Cytogenetic Analysis of Patients with Recurrent Miscarriages
DOI:
https://doi.org/10.51985/JBUMDC2022148Keywords:
Chromosomes, Cytogenetics, Recurrent Pregnancy LossAbstract
Objective: To evaluate the cytogenetic analysis of patients with recurrent miscarriages.
Study design and setting: Cross-sectional study, Department of Hematology, Armed Forces Institute of Pathology,
Rawalpindi from February 2022 to August 2022.

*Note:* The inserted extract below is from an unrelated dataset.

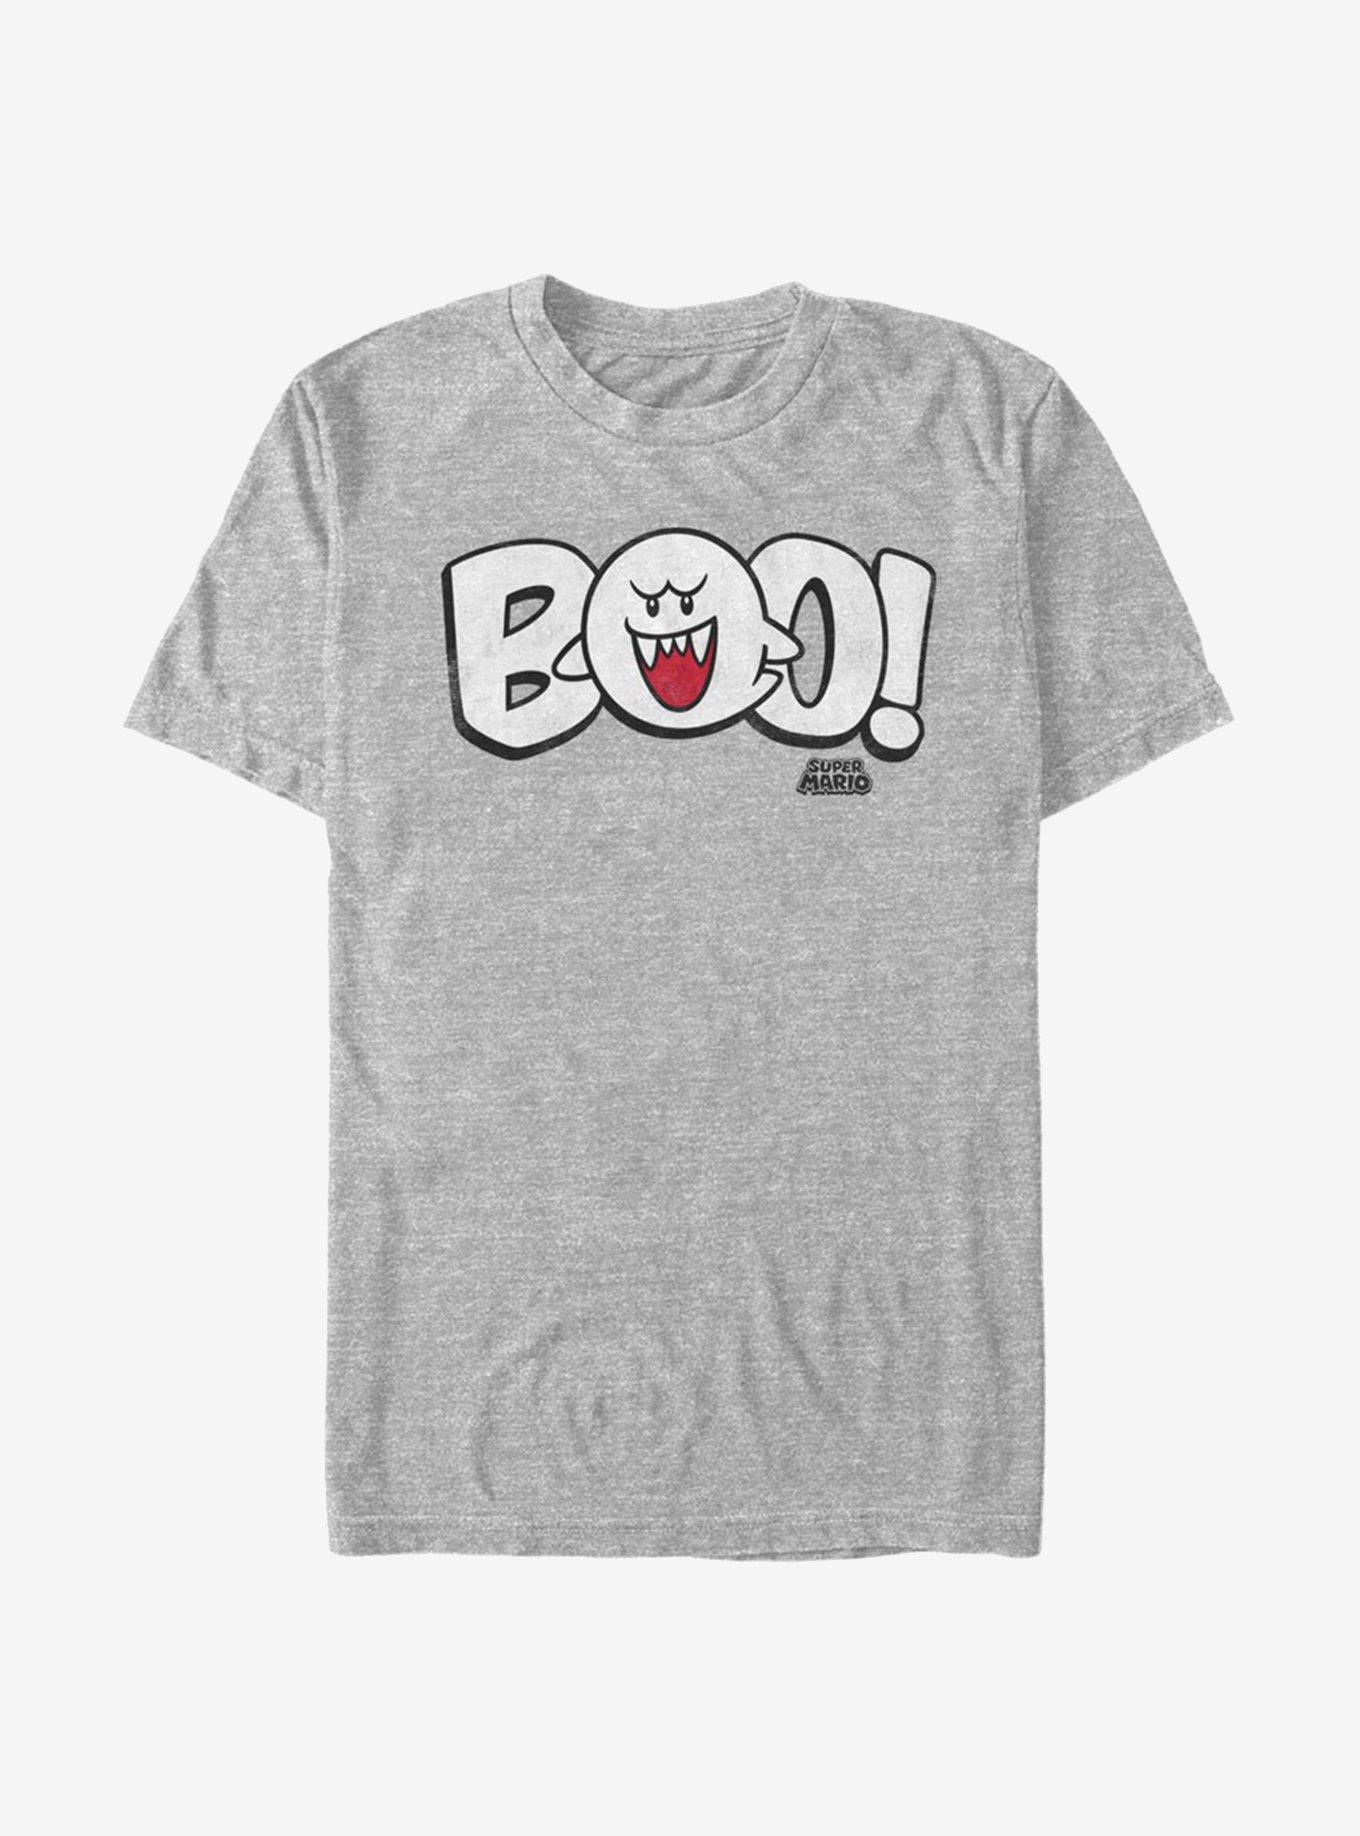 Super Mario Boo! T-Shirt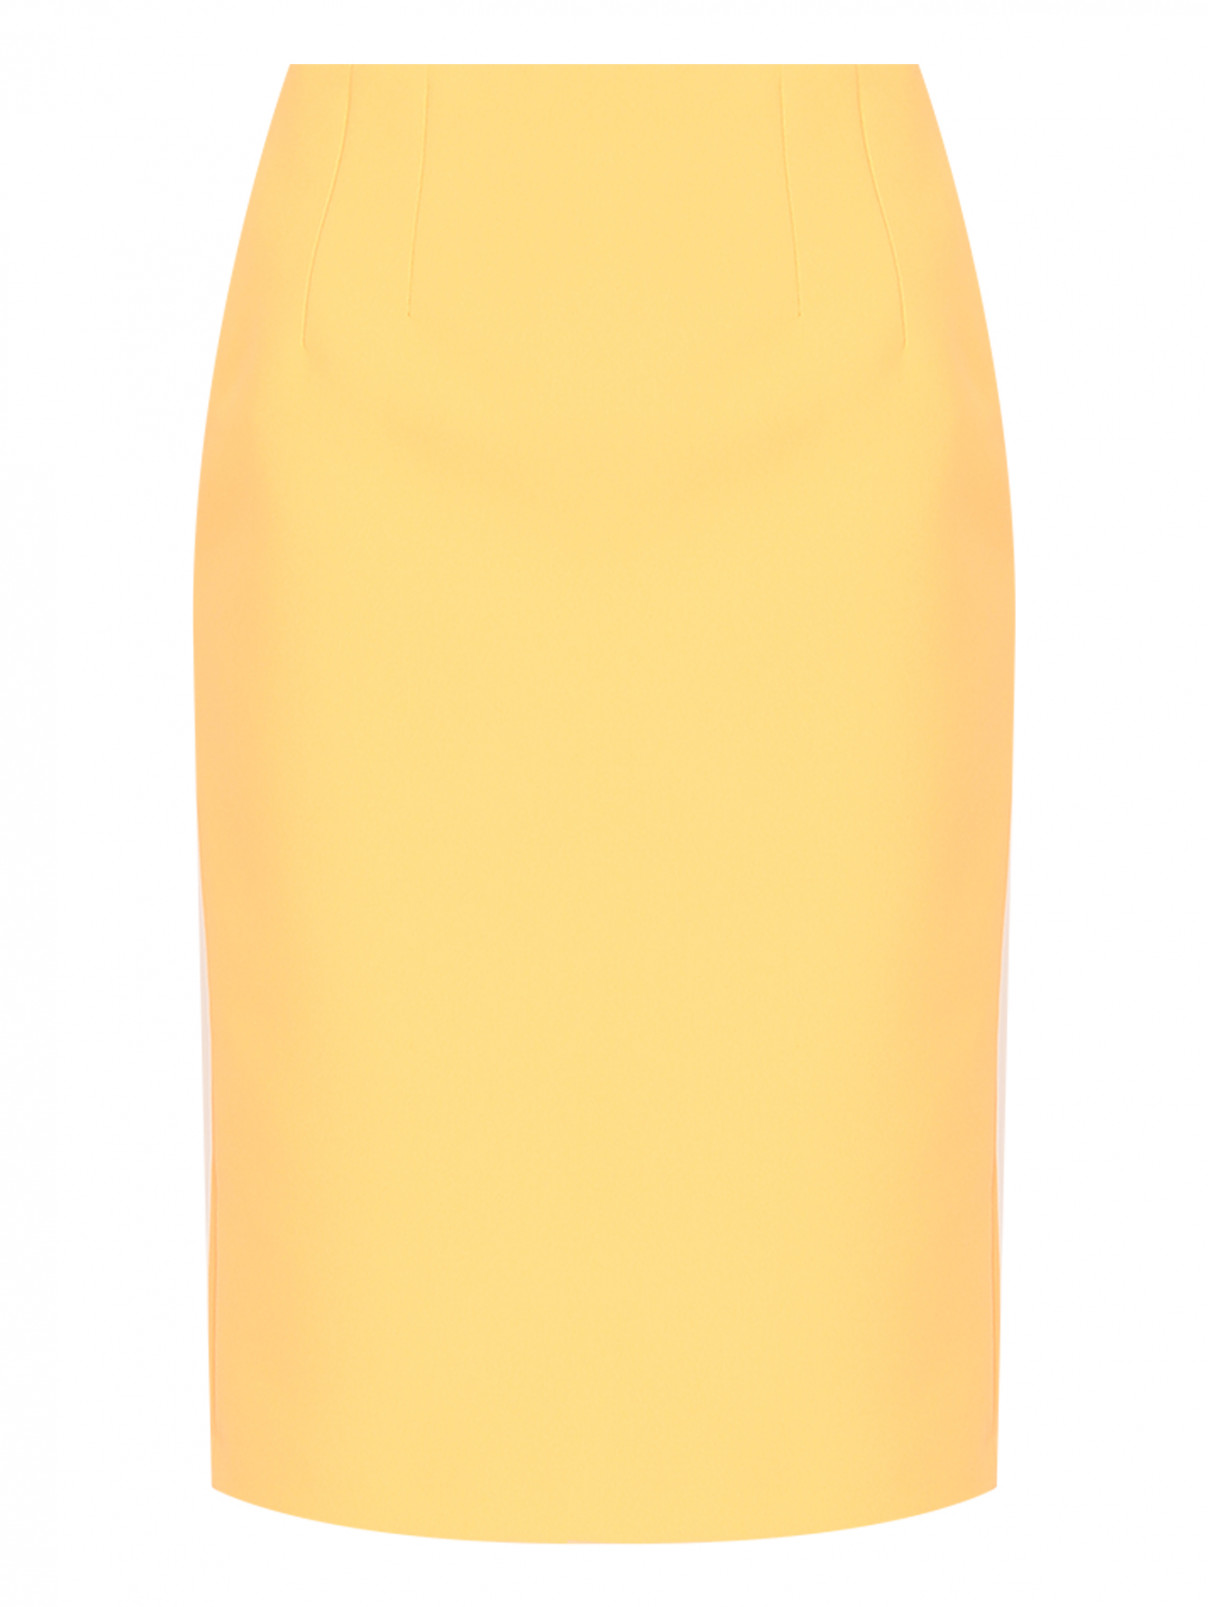 Юбка-карандаш на молнии Max&Co  –  Общий вид  – Цвет:  Оранжевый

Methodology: 196 patients (98 couples) of recurrent miscarriages within the reproductive age group were included. Cases
with known anatomical or endocrinal causes of recurrent miscarriages were excluded. Couples with abnormal reproductive
tract anatomy or abnormal endocrine functions were excluded. A standardized system for human cytogenetic nomenclature
was used for identifying all chromosomal aberrations. Axioscope microscopes (MetaSystems, Germany) were used for
visualizing the metaphases, and MetaSystems software (MetaSystems, Germany) was used to determine the karyotype of
each metaphase. Data were analyzed using the student t-test and Chi-square test. A p-value =0.05 was considered significant.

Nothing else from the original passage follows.